官术网_书友最值得收藏!

  • R Programming By Example
  • Omar Trejo Navarro
  • 501字
  • 2021-07-02 21:30:45

Checking no collinearity with correlations

To check no collinearity, we could use a number of different techniques. For example, for those familiar with linear algebra, the condition number is a measure of how singular a matrix is, where singularity would imply perfect collinearity among the covariates. This number could provide a measure of this collinearity. Another technique is to use the Variance Inflation Factor, which is a more formal technique that provides a measure of how much a regression's variance is increased because of collinearity. Another, and a more common, way of checking this is with simple correlations. Are any variables strongly correlated among themselves in the sense that there could be a direct relation among them? If so, then we may have a multicollinearity problem. To get a sense of how correlated our variables are, we will use the correlations matrix techniques shown in Chapter 2, Understanding Votes with Descriptive Statistics.

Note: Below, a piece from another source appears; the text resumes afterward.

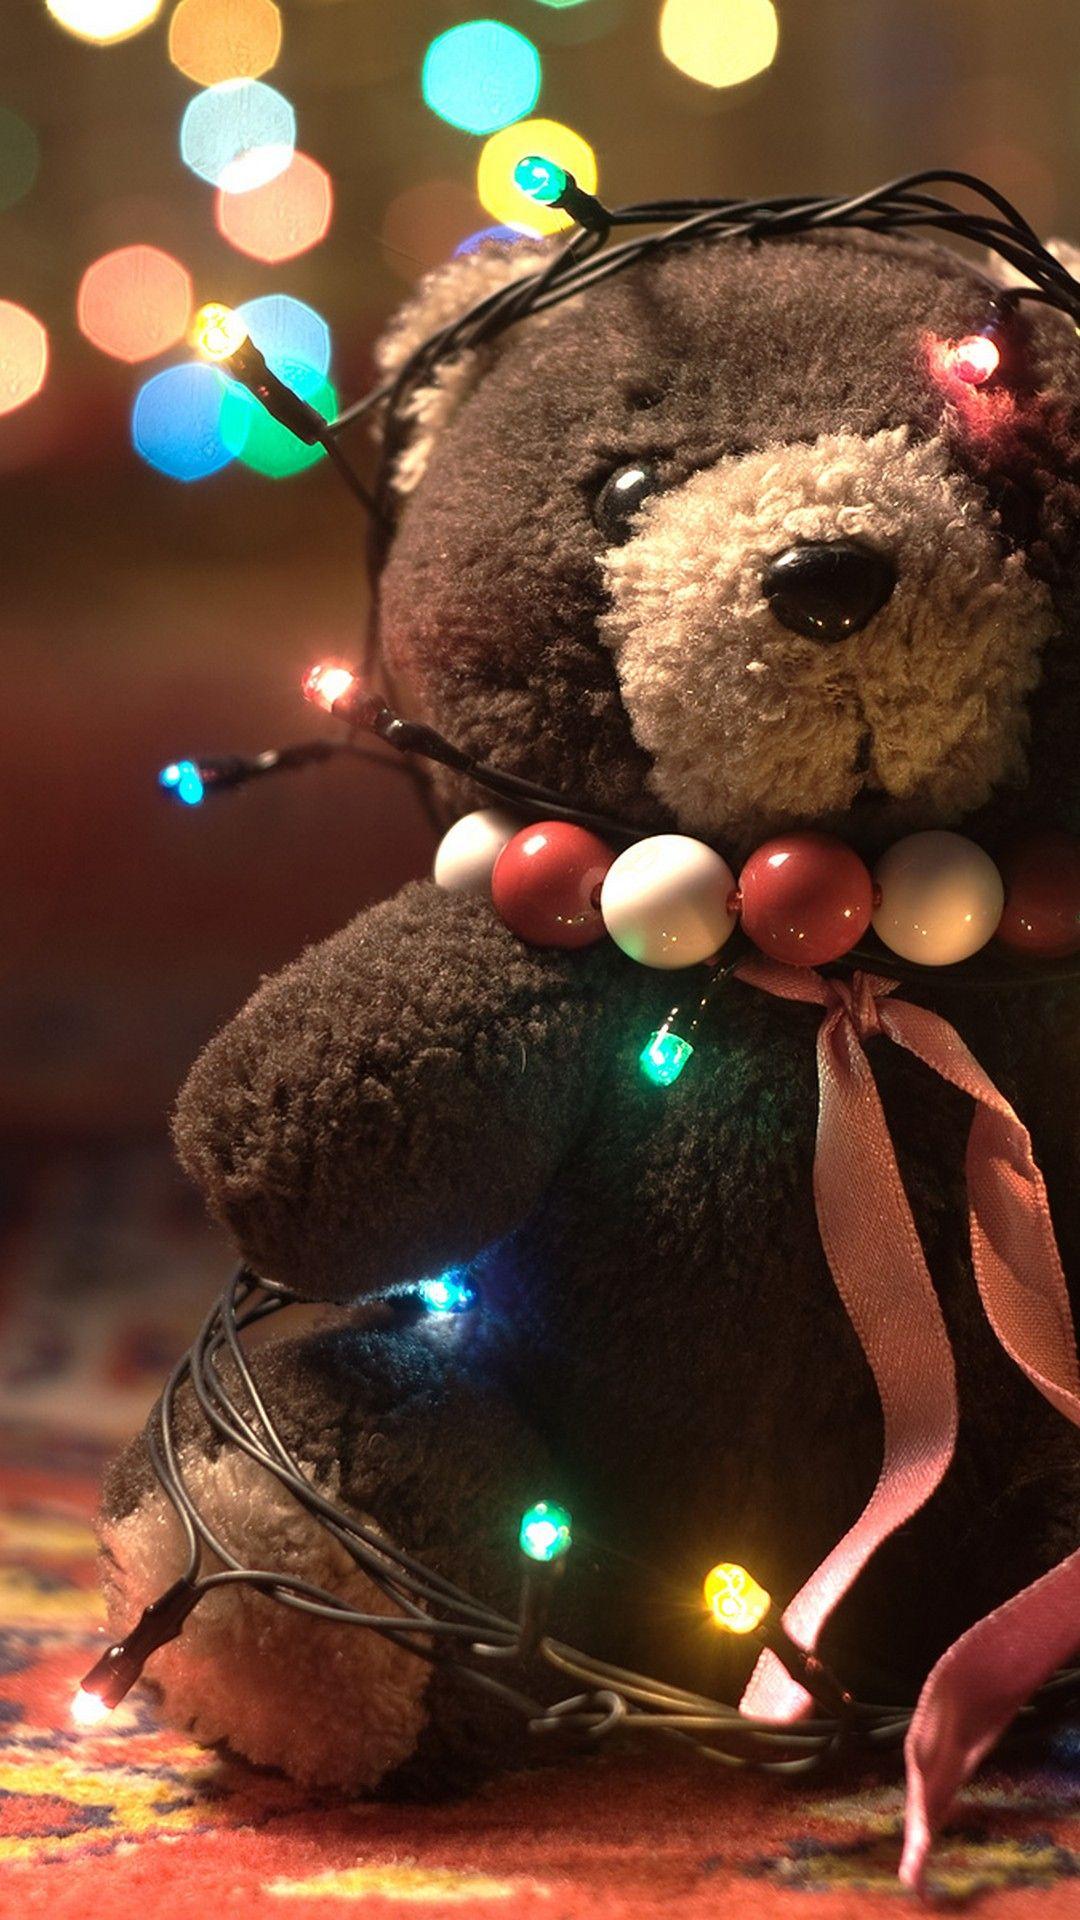 Cute Teddy Bear Wallpaper For Iphone
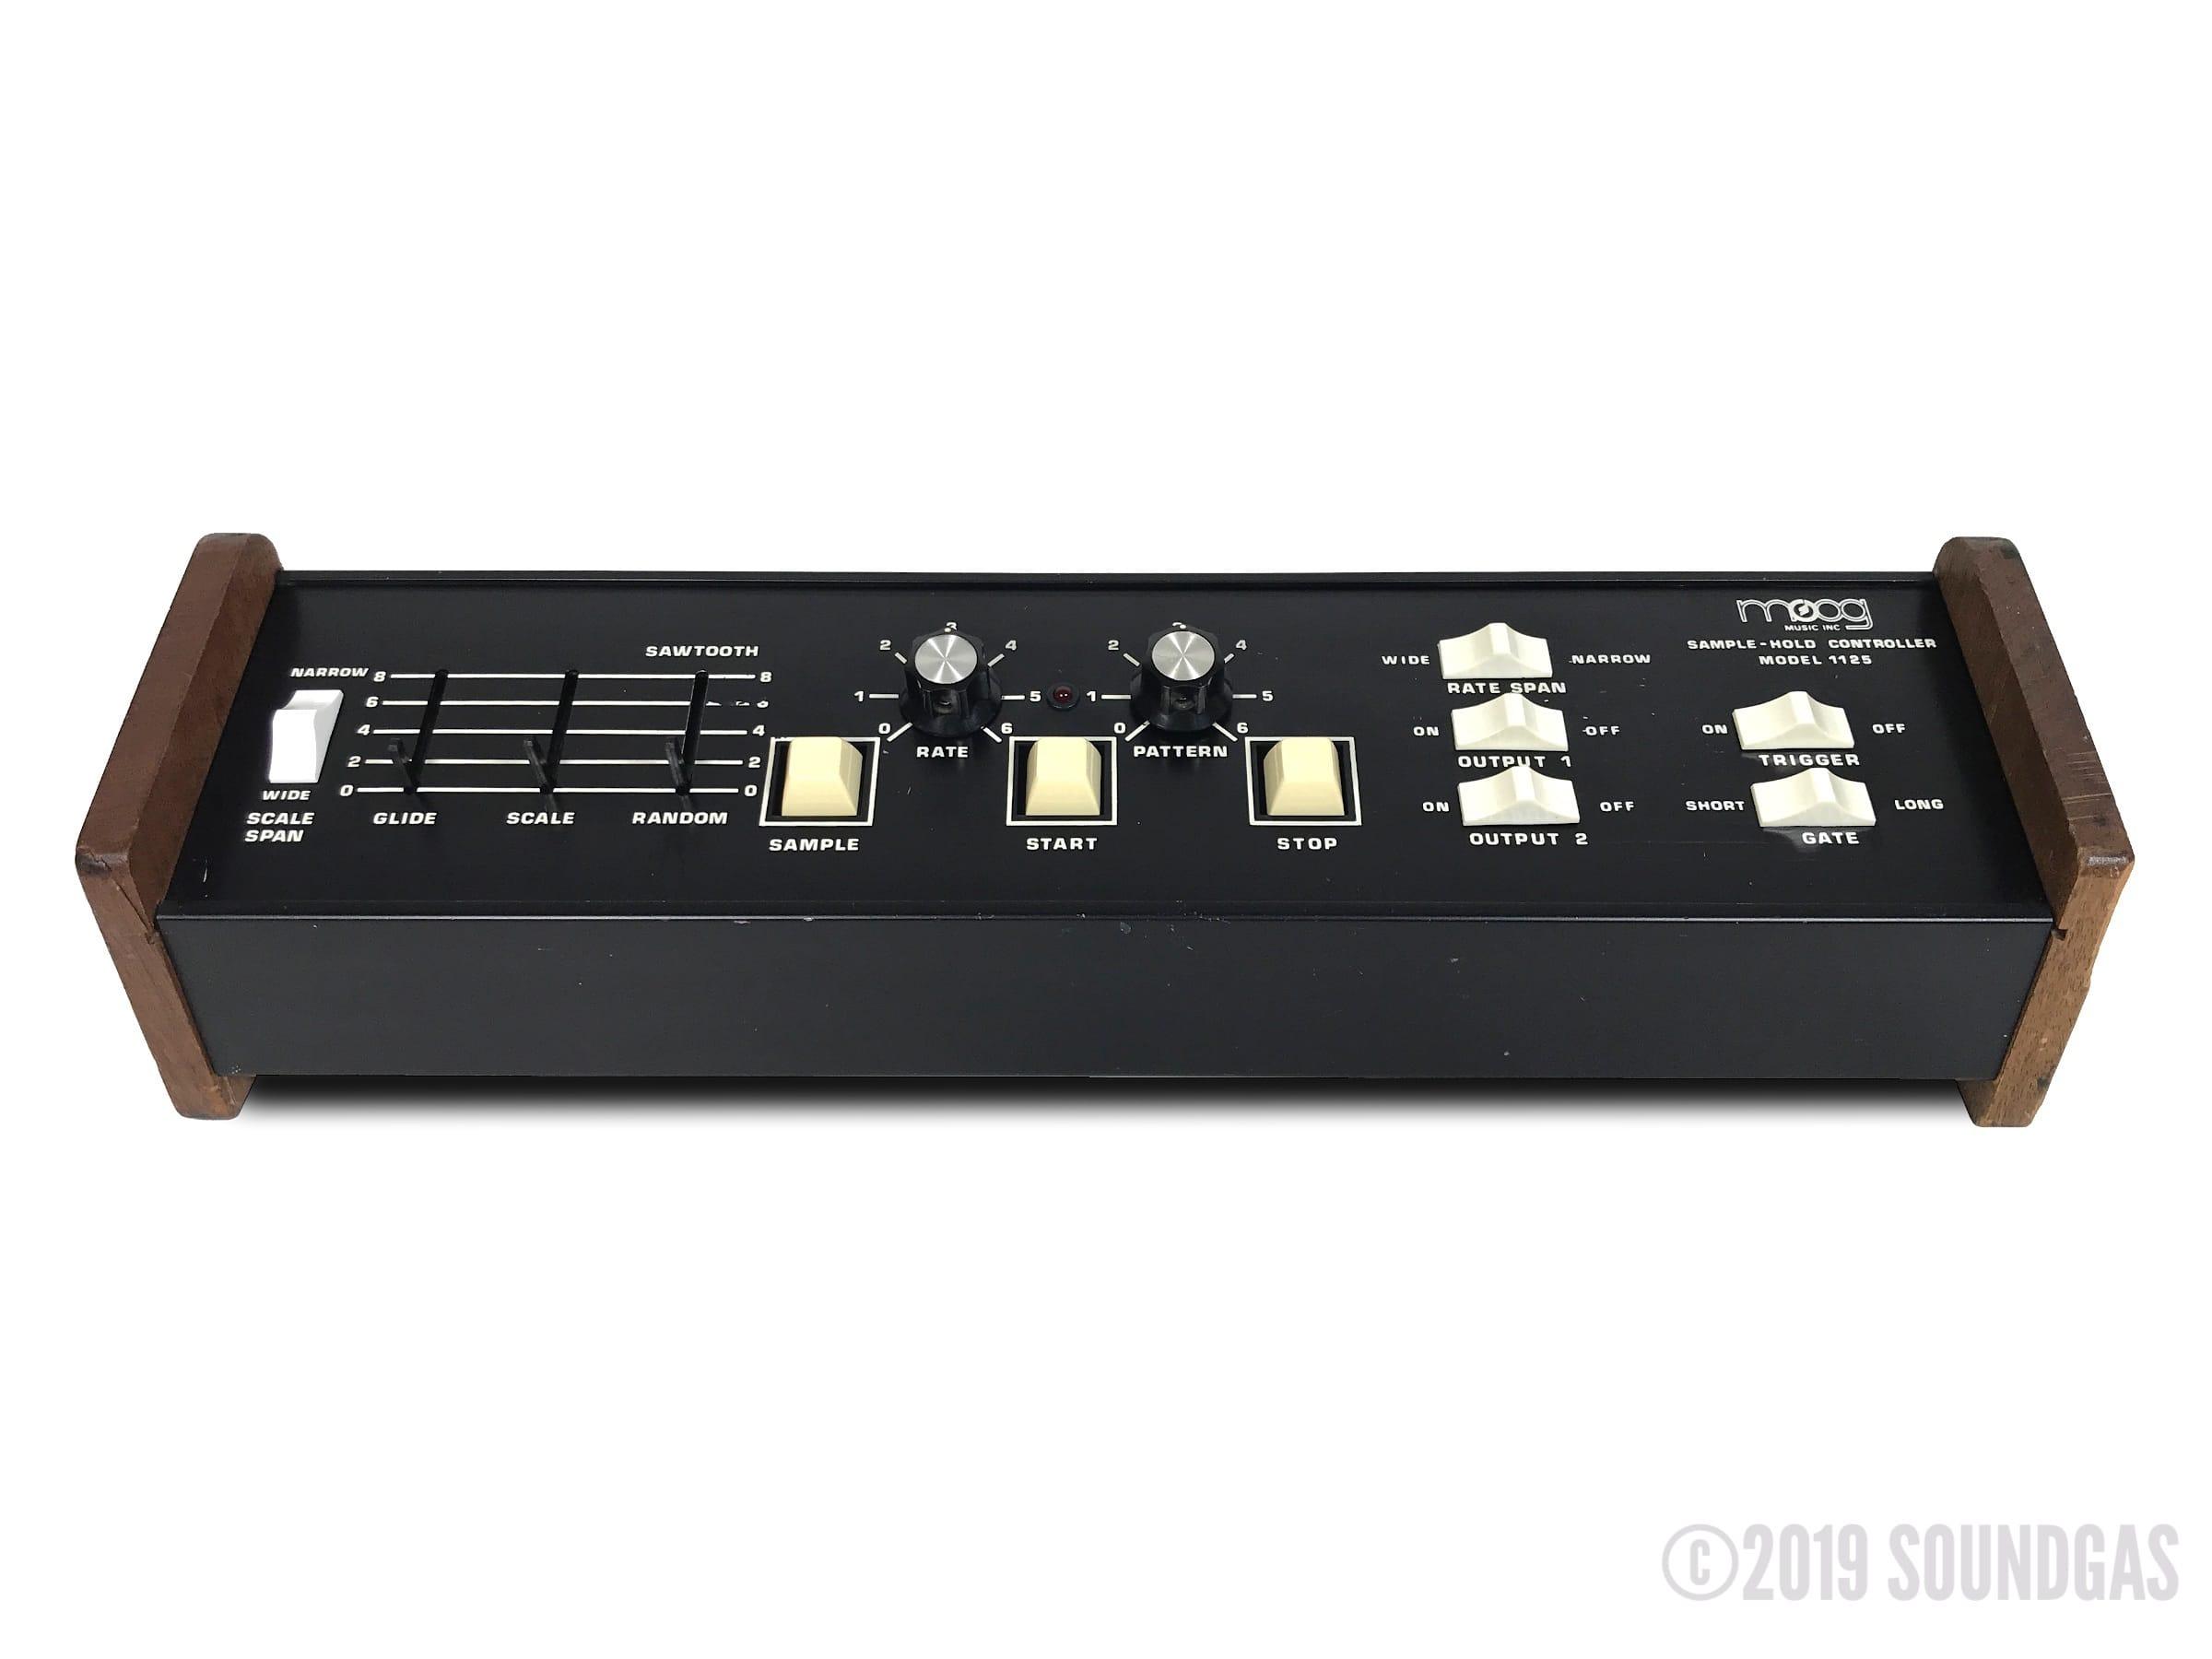 Moog Sample-Hold Controller Model 1125

The following code shows how correlations work in R:

library(corrplot)
corrplot(corr = cor(data[, numerical_variables]), tl.col = "black", tl.cex = 0.6)

As you can see, the strong correlations (either positive or negative) are occurring intra-groups not inter-groups, meaning that variables that measure the same thing in different ways appear to be highly correlated, while variables that measure different things don't appear to be highly correlated.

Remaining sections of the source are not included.